September 11 2009 | Latest NewsNew Orleans' incoming inspector general needs to recharge the office
Posted by The Times-Picayune editorial page staff September 11, 2009 12:42AM
Chris Granger / The Times-PicayuneNew Orleans incoming Inspector General Edouard Quatrevaux.
In a city with as much government waste and inefficiency as New Orleans, residents were hopeful when the City Council finally filled the post of inspector general in 2007.
But the office's image has taken hits because of its slow start, its change of leadership this year and the flawed process Interim Inspector General Leonard Odom conducted to name the city's first police monitor.

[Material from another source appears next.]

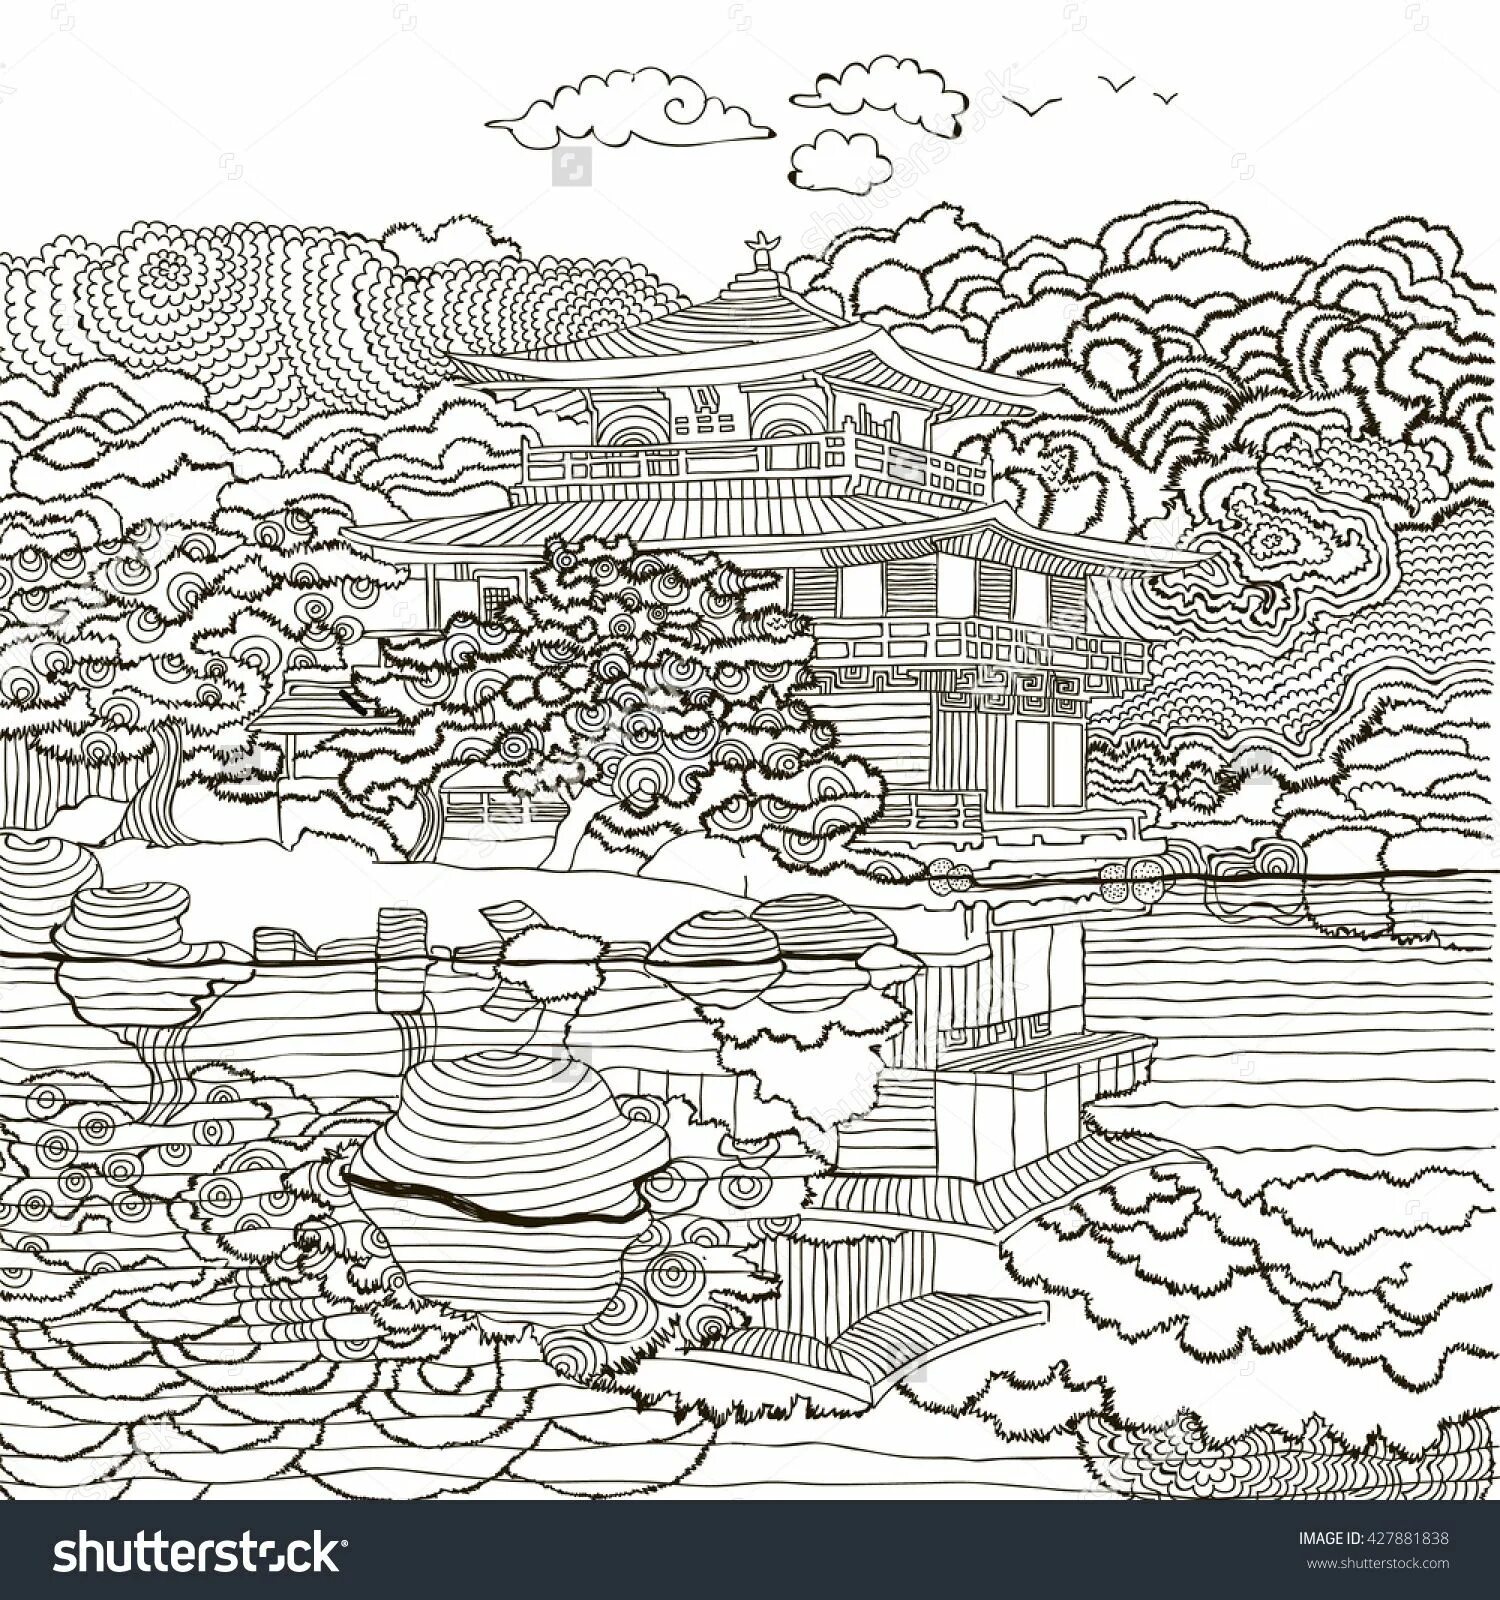 Intriguing coloring book with Chinese motifs

That means incoming Inspector General Edouard Quatrevaux, selected after a nationwide search, must improve the office's productivity and repair the post's public image.
Mr. Odom has said he is leaving the office no later than Oct. 9 -- and that's a welcome move. The process he oversaw to name Neely Moody as the first independent police monitor was brief, limited in scope and so devoid of community involvement that it undermined public trust in the inspector general's office.
The office already had been hobbled by a lack of initial resources from City Hall and the sudden resignation of Robert Cerasoli, the first inspector general, who left in January for health reasons.
It also has gotten off to a slow start. Since its inception, it has released only a handful of reports. Those include important findings, such as allegations of waste and violations of law regarding the city's take-home vehicle policy and a finding that the Nagin administration overpaid contractors by $4 million for crime cameras.
But New Orleanians expected more results by now.
Mr. Odom recently said the office plans to complete about a dozen audits and inspections next year. They include reviews on the use of hotel/motel taxes, (emphasis added by GNOHLA) city sanitation fees, Municipal Court fines and charges paid by the city to the Criminal Sheriff's Office for housing prison inmates.
Mr. Quatrevaux needs to aggressively pursue that agenda and make the office more productive. New Orleanians are dedicating more than $3 million a year to this office -- and they deserve a good return for their investment.